Digital platforms have a widely-documented issue with racial disparities, which can result in adverse reputational and economic consequences. Equitable promotion of projects across racial groups can mitigate these disparities. Our research explores how to more equitably determine which projects should be promoted by the platform. Platforms typically rely on their employees to decide what content to highlight, but human decisions are subject to cognitive and implicit biases. We examine whether an algorithmic-based approach to choosing which projects to promote can generate more equitable outcomes for people in traditionally marginalized groups while resulting in equivalent economic outcomes. We perform an observational and simulated study on more than 100,000 projects gathered from crowdfunding platform Kickstarter.com to determine whether machine learning models would diversify the set of promoted projects.

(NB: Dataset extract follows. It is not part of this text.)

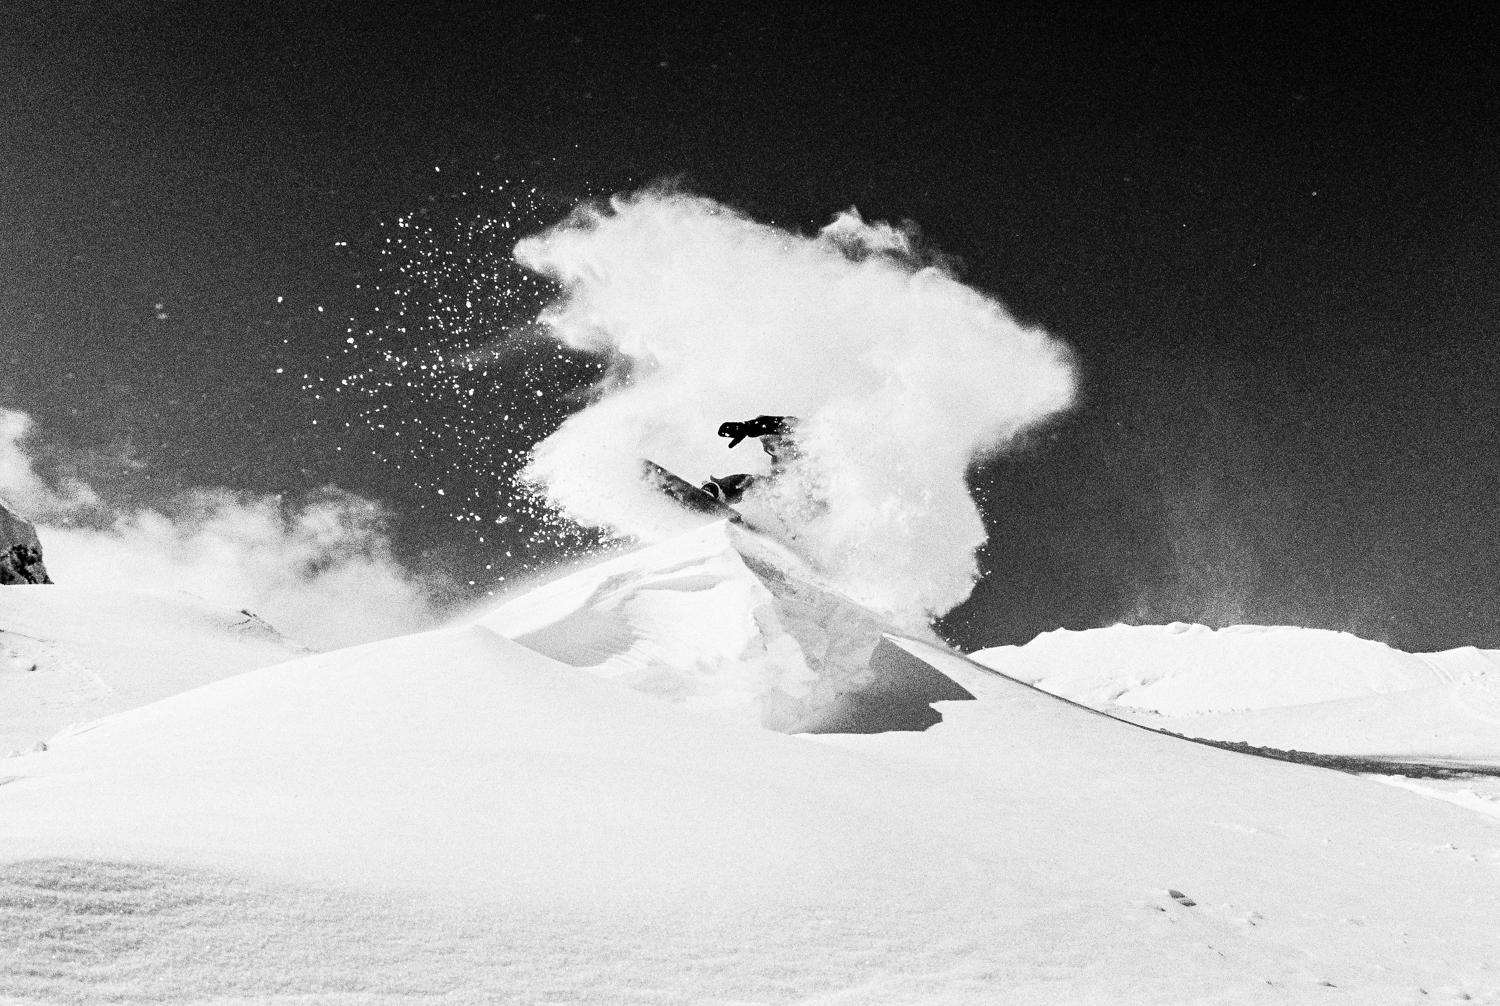 Carlos Blanchard Black and White Photograph – Snowdance - Mountain Snowboarding Schwarz-Weiß-Kunstfotografie

Our analysis yields three main findings. First, machine learning models—fairness- unaware and fairness-aware models—identify a more diverse set of projects to promote than those selected by employees. Second, promoting a more diverse set of projects diminishes but does not completely eliminate disparities between racial groups. Third, a more equitable promotion scheme does not substantially negatively affect core business outcomes for the platform. This study contributes to the information systems literature related to using machine learning to reduce racial disparities and to research examining the fairness-economic trade-off. Furthermore, this paper provides a practical path forward for digital platforms who want to increase participation from diverse groups, and for potential crowdfunding participants. 


Under review

Not time but place: Location vs. previous choices for prosocial crowdfunding recommendation strategies

Lauren Rhue, Atiya Avery, Jessica Clark

Abstract

Donors on prosocial crowdfunding platforms have two critical motivations for donors: supporting local causes and supporting social connections. Platform recommendation strategies often leverage prior donor choices; however, donors’ choices may be driven by supply constraints rather than their true preferences. In these instances, a recommendation strategy based on donor attributes such as location may better reflect their true preferences. To understand the effectiveness of these two recommendation strategies, we conducted a randomized experiment with 200,000 donors in partnership with a prosocial crowdfunding platform. Donors were randomly selected to receive project recommendations that were either geographically close to their home or geographically close to their previously supported cause. We found that the local recommendation strategy increased the likelihood of clicks and donations. These results are driven by donors without social connections to the platform, indicating that social motivations supersede geographic motivations and suggesting that digital platforms should consider a hierarchical approach. We also found evidence that the local recommendation strategy yields a rich-get-richer effect. We discuss the implications of our findings for digital platforms as well as the practical implications for our research context of education in the United States.